Having opened to rave reviews in the brilliantly re-imagined staging by the two-time Tony Award winning British director, Marianne Elliott, the timing is now as important as ever to take in with fresh eyes Kusher’s remarkable achievement. Not only are both parts ambitious in their length and complexity, but when first presented on Broadway individually in back-to-back seasons, the result were Tony Awards given twice in a row: one for Millennium Approaches in 1993, and one the following year for Perestroika. It was six months after Part 1 opened that Part 2 joined it in repertory, allowing for audiences to appreciate both plays on either the same day or a week apart, whichever they preferred. I never saw this Broadway production, a true regret of mine.

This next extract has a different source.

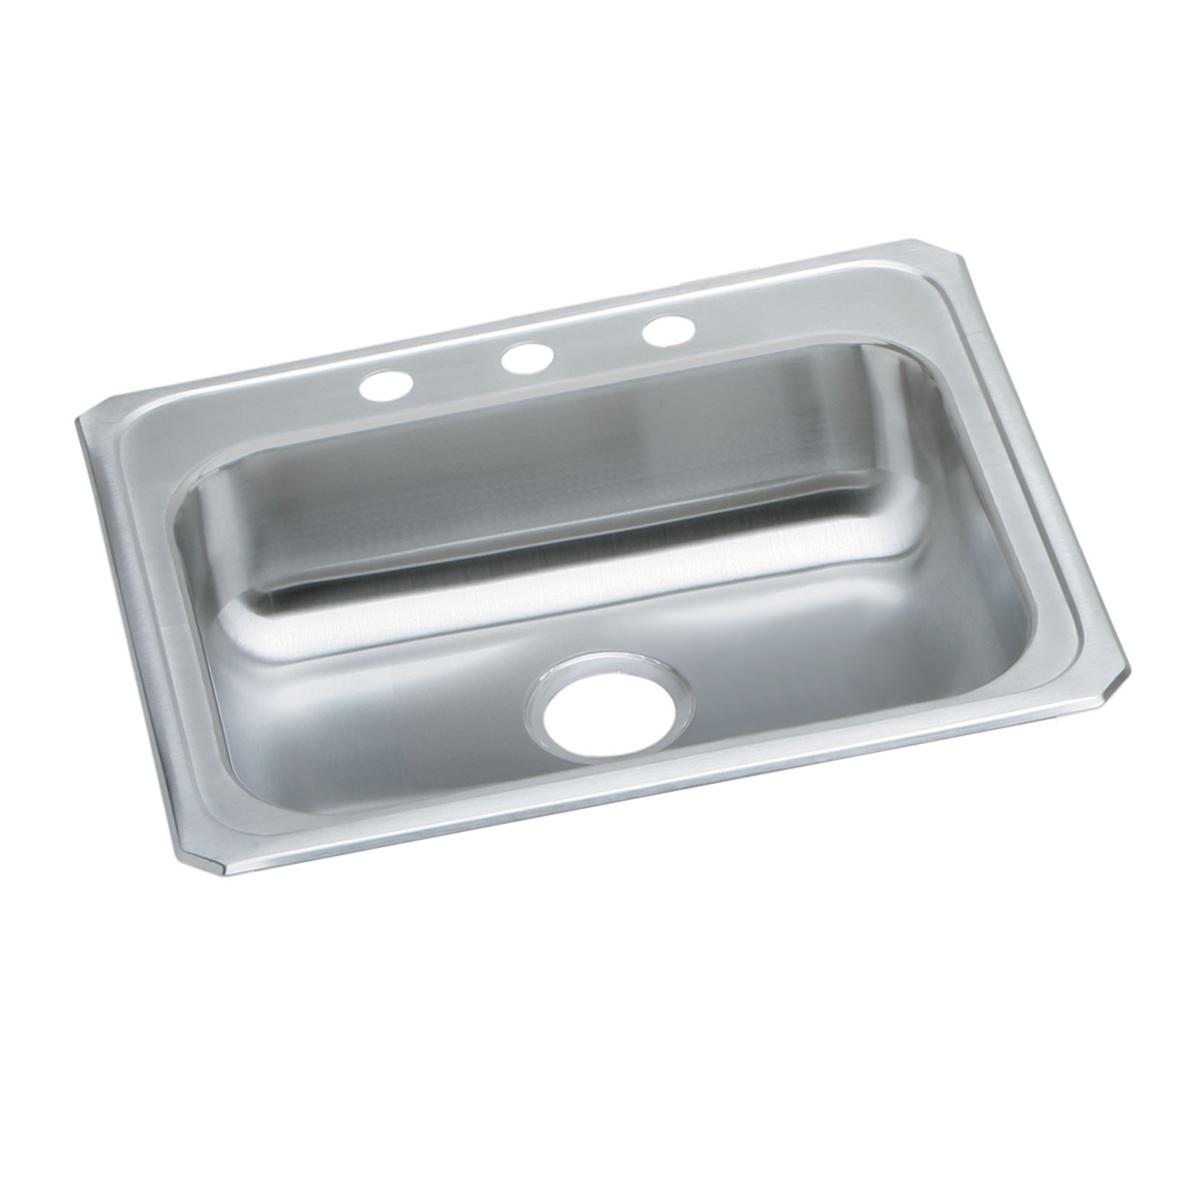 Elkay Stainless Steel Single Bowl Drop-in Sink 1258670

I was living in Los Angeles and my children were two and four years-old at the time and trips to New York were scarce. I didn’t feel out of the loop however, since it was in Los Angeles (the city of Angels) when Angels premiered a year prior to New York. There I got to witness and appreciate its genius first-hand.
In 1992, the plays were performed at the Mark Taper Forum in downtown Los Angeles, even though Perestroika was very much a work in progress. Kushner originally received a commission to write Millennium Approaches from San Francisco’s Eureka Theatre (by way of the Federal government, let us not forget), and he was being shepherded by Eureka’s then co-Artistic Directors, Oskar Eustis (now the head of the Public Theatre) and Tony Taccone (who would go on to head the Berkeley Rep). However, while Angels was in development, Eustis was hired away by the Taper, where he fought to bring Kushner’s play with him, resulting in something of a custody battle. As Eustis tells the story in the recent Slate Magazine online article, Angels in America: The Complete Oral History, “I left my theater in effect to protect Angels, because the Eureka didn’t have the resources to develop it. I could either throw my hat into the ring with Angels, or I could stay in San Francisco and keep the Eureka going, and I chose Angels.” Matters became further complicated when, as Kushner tells it, “I hadn’t written Perestroika yet, but to fulfill my contract, the Eureka insisted that we do a production of Angels.”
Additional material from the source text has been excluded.